Yeah, that was my initial thought. The only issue is that 'nearfull' is most just a threshold to notify the user "slow down, you're almost full!" with HEALTH_WARN. Mostly. I think CephFS might also switch to synchronous writes at this point, but I'm not sure that's actually a good idea (it's a bit drastic given the spread between nearfull and full).

liewegas · 2017-02-24T21:12:08Z

I like all the other patches, BTW; I'd be happy to see those merge while we figure out a strategy for the hard parts.
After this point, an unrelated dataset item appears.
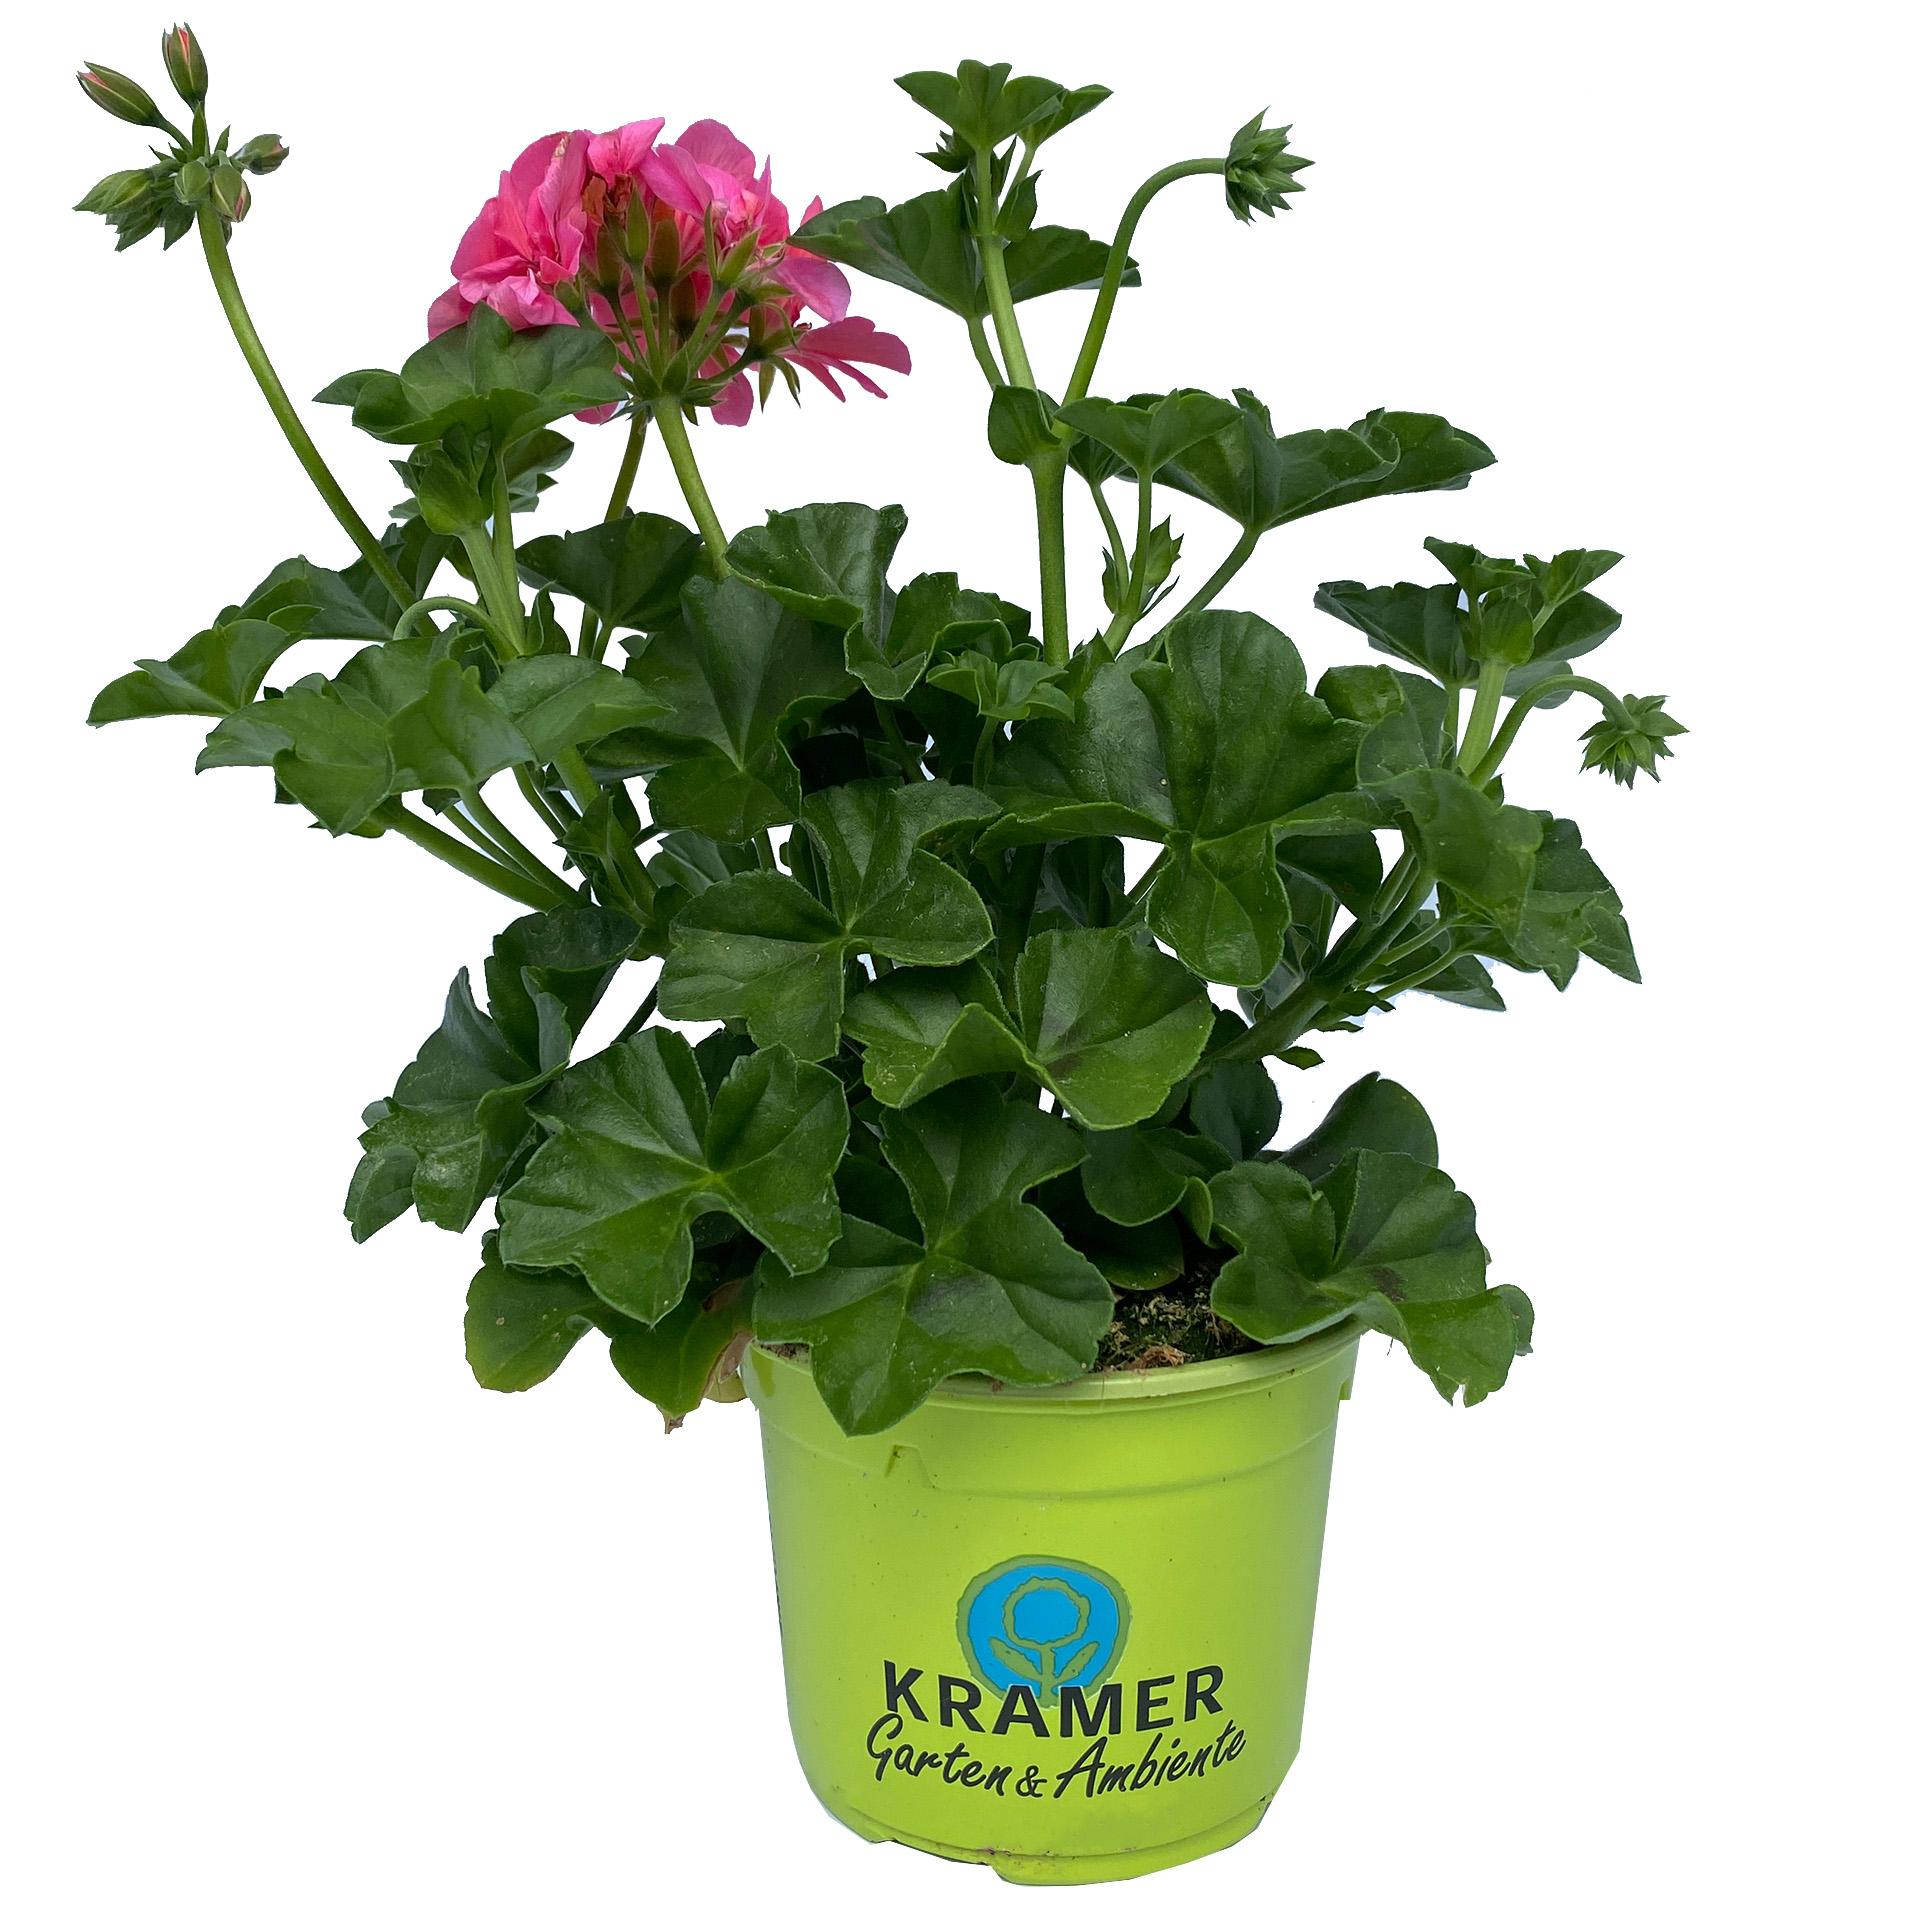 Geranie hängend - Pelargonium peltatum 'Sunflair Linda' rosa, 12cm Topf

athanatos · 2017-02-24T21:12:12Z

src/os/filestore/FileJournal.h

@@ -472,6 +472,8 @@ class FileJournal :

  void set_wait_on_full(bool b) { wait_on_full = b; }

+  off64_t get_journal_size_estimate(void);


No need for (void).

dzafman · 2017-02-24T22:13:07Z

@liewegas I pulled the more complex commit for recovery/backfill. I don't have additional tests for this, but I think including it in a wip-testing branch rados run is sufficient.

jdurgin · 2017-02-24T22:24:23Z

src/common/config_opts.h

@@ -318,6 +318,7 @@ OPTION(mon_crush_min_required_version, OPT_STR, "firefly")
 OPTION(mon_warn_on_crush_straw_calc_version_zero, OPT_BOOL, true) // warn if crush straw_calc_version==0
 OPTION(mon_warn_on_osd_down_out_interval_zero, OPT_BOOL, true) // warn if 'mon_osd_down_out_interval == 0'
 OPTION(mon_warn_on_cache_pools_without_hit_sets, OPT_BOOL, true)
+OPTION(mon_warn_osd_usage_percent, OPT_FLOAT, .10) // warn if difference in usage percent between OSDs exceeds specified percent


add this to the docs and both of these settings changes to PendingReleaseNotes

.10 seems like a pretty low default for this - 45%-55% is a pretty flat distribution, especially for small clusters. How about something like .4?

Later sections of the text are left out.